I think this, to my mind, this is one of the biggest threats that America faces all the questions of, you know, defense spending, whether or not America wants to remain the global hegemonic all fall away. If you believe that there's nothing good about America. I mean, for instance, what what American school child is not taught that slavery was the founding sin of America. I deeply resent this language as well as I think being a historical if America has a founding sin fine. What's founding sin of Nigeria? What's the founding sin of Egypt? Zimbabwe, China, France? You could go on and on.
Why does only America have a founding sin? Why does everything in America have to be rewritten in this negative key in this generation? Why after 20 something years of the internet have we become stupid or in our public debate to the extent that we now disagree over which year or century America was founded? And where not to get into one of the distractions of our time but where we don't even agree on what a woman is? I mean, why have we allowed ourselves to slip into this place of self abnegation?

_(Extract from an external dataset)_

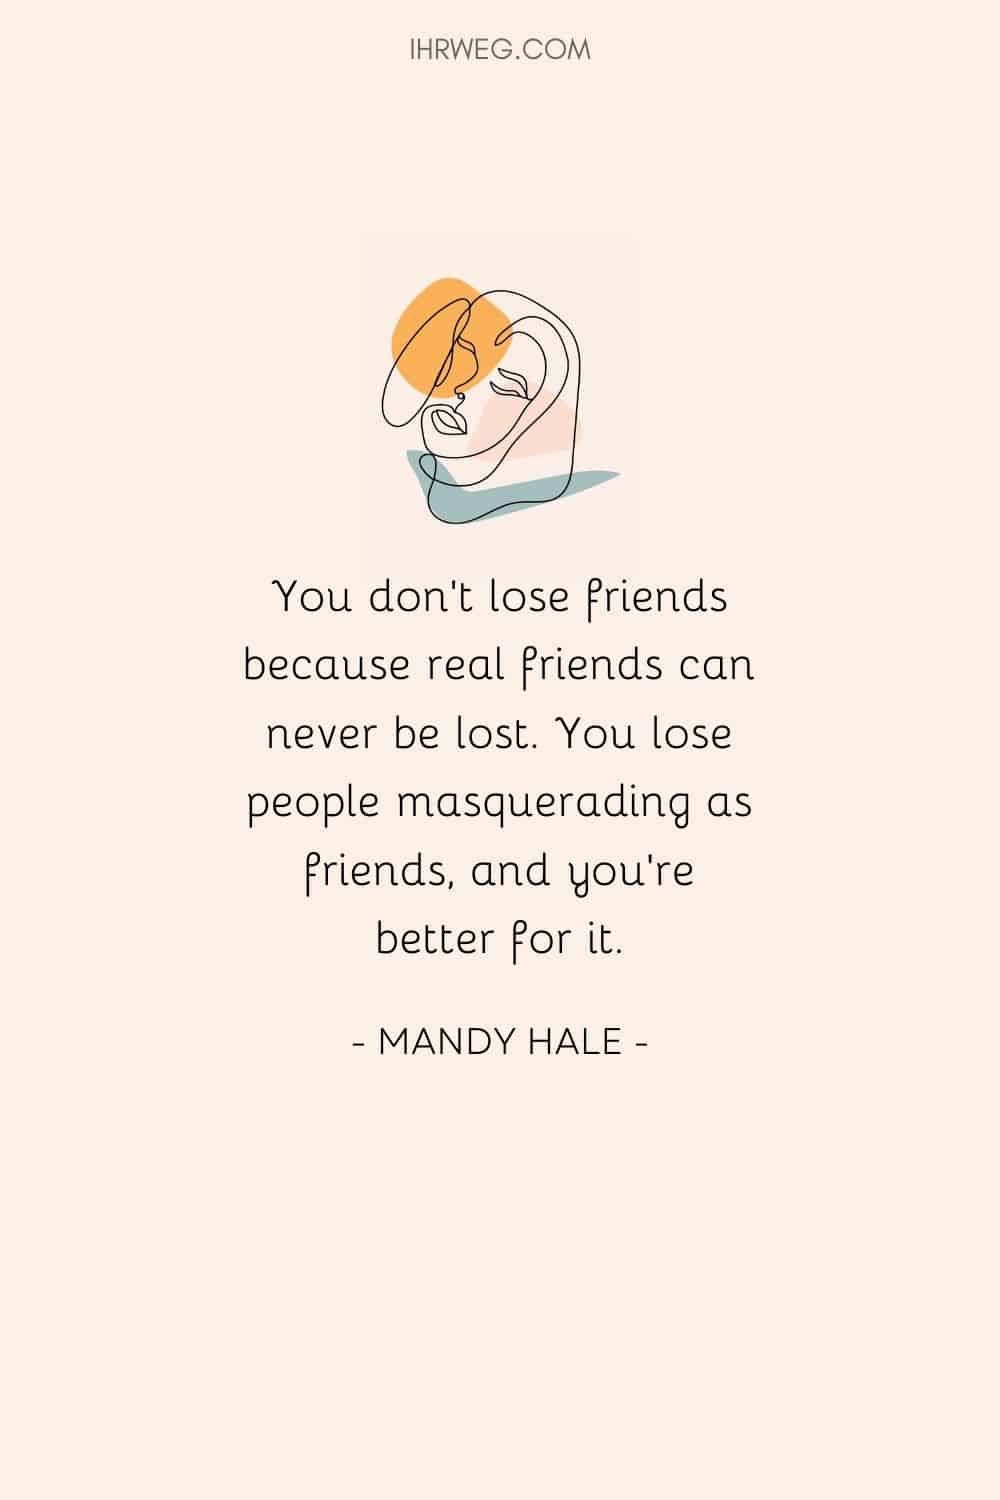 You don’t lose friends because real friends can never be lost

And my own view is that it is because in our lifetimes, in the lifetimes of all of us here, we have moved from a celebration of heroism as being the great public virtue to a celebration of victimhood being the great public virtue. And we have all seen this coming in our lifetimes. I personally abhor it. Like I think everyone present I was brought up with a different ethic.
But on the ethic of resentment, I quote in The War on the West I quote Nietzsche carefully as I always say — he is one of the great thinkers of all time, but nevertheless one you have to deal with carefully — in The Genealogy of Morals Nietzsche has this great insight on the person of resentment who is he says among other things, “likes to tear at wounds long since healed and then cry about his hurt.” Ring any bells?
Another example, of course, is what Nietzsche says about the person of resentment, that really what they need is somebody to stand across their lives. Even Nietzsche isn't sure who, he says maybe a secular priest, and it's very telling that even Nietzsche can't quite say who could perform this task. But somebody needs to stand across the life of the person that resentment and say: “Actually, yes, you are correct. There is a person who has ruined your life. There is a person who has ruined your life in the world entire. The person is you.”
Now, nobody would ever want to perform that task as well. Even the sector priest is a sort of attempt to come up with an idea of who could perform that task. But if that person does not exist, and say actually, it is you, it is you who has ruined your life nobody else has held you back. As as Morgan Freeman famously said in an interview many years ago, the bus leaves town every day, that bus leaves every day, but if you didn't get on it in America, and the wider west now, everyone can say oh, it's not your fault you didn't get on it. Other people were holding you back from it, systemic reasons for holding you back, maybe systemic racism. Maybe everybody with white skin was holding you off, getting on the bus, et cetera, et cetera.
And now this has spilled out not just from minority communities, but to the majority, which is why we see these extraordinary figures like almost 100% as far as one can see now of people that university in America is identifying as LGBTQIA+ — a heterosexual is about to be put into a minority group quite soon at this rate. But they identify as this because they want a bit of a victimhood pie. They want a bit of it, because it's what we celebrate now in America and in the wider West.
And I find that absolutely disgusting, and don't mind admitting it.”